Apollo responds to Athens in a total offer worth $ 11 billion

Apollo Global Management Inc. said he buys part of Athens Holding Ltd.

NOTE 6.38%

it does not yet own, to consolidate the private equity giant’s ownership of its highly successful insurance subsidiary.

For Apollo, which already owns 35% of Athens and has a long-term agreement to manage its assets, the merger aims to simplify the relationship and better align the interests of both companies’ shareholders. It estimates Athens at $ 11 billion.

It also represents the latest step in Apollo’s effort to improve its management following the revelation of ties between co – founder and CEO Leon Black and the infamous financier Jeffrey Epstein.

The move comes as Apollo co – founder Marc Rowan, the architect of the company’s insurance strategy, is preparing to take on the role of CEO. Mr. Black said in January he would retire in the wake of a review of his board with Epstein, who killed himself in his 2019 prison cell in Manhattan after being charged with charges of federal sex trafficking with underage girls.

The investment firm has recently announced a number of changes in management, including the appointment of more independent directors. Apollo said Monday that its board had voted to abandon the firm’s dual-class share structure and adopt a ‘one-share-only’ regime. ‘in the S&P 500 index.

Each outstanding Class A share in Athens is exchanged for 1,149 shares of Apollo, reflecting a premium of approximately 16.5% above Athens’ closing price on Friday.

The total deal will result in Apollo shareholders owning about 76% of the combined company, while Athens investors own the rest.

The deal will more than double the reported earnings of Apollo in 2020. Shareholders receive a fixed annual dividend of $ 1.60 per share.

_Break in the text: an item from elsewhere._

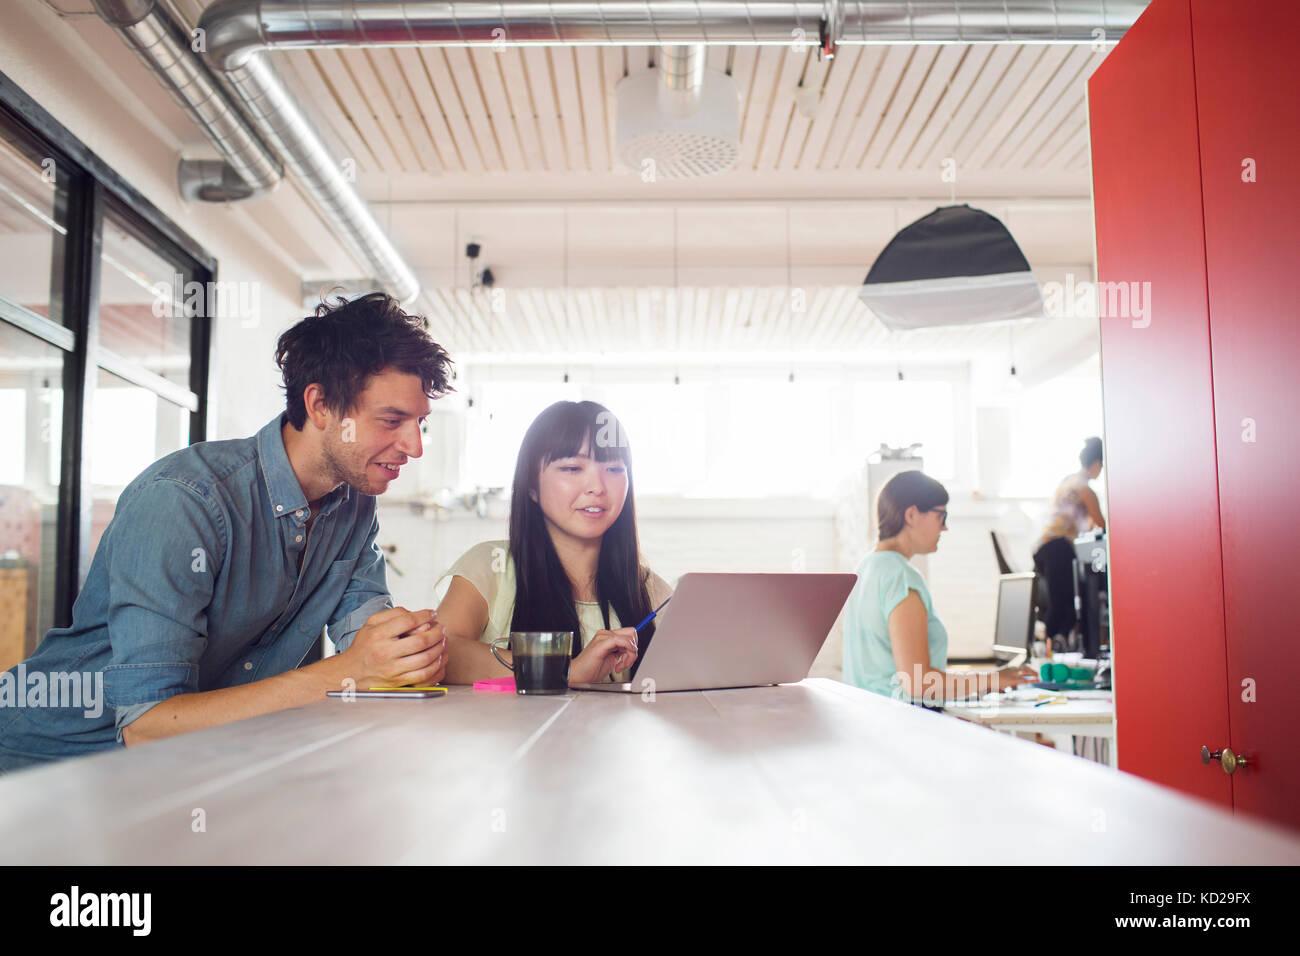 Mann und zwei Frauen auf die Arbeit im Büro, Frau, die durch die Fenster im Hintergrund Stockfoto

Apollo hopes the efforts will help boost the share price, which has been marked amid investors’ concerns about whether Black’s Epstein bonds will deter image-conscious pension funds and other institutions from investing more money in its funds. Apollo currently manages more than $ 450 billion and sets it in 2019 to bring it to $ 600 billion within five years.

Shares of Apollo fell nearly 4% on Monday morning, while Athens rose about 8%.

Investors have long been frustrated about Apollo’s dependence on Athens as its largest asset management client, representing about 40% of assets under management and generating about 30% of its fee-related revenue.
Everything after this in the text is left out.